Please set down, word for word, each line from the one containing "Penny tiles create" through the final line of the records below, both included, and nothing else.

- SOURCE RECORDS:
****************************************

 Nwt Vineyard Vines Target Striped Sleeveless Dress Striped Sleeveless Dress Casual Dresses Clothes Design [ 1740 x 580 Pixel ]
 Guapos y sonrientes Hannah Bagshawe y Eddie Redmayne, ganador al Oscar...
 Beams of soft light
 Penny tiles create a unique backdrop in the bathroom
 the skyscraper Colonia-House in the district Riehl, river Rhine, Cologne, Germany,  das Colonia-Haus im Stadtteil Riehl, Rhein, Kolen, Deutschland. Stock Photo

****************************************

- OUTPUT BELOW:
 Penny tiles create a unique backdrop in the bathroom
 the skyscraper Colonia-House in the district Riehl, river Rhine, Cologne, Germany,  das Colonia-Haus im Stadtteil Riehl, Rhein, Kolen, Deutschland. Stock Photo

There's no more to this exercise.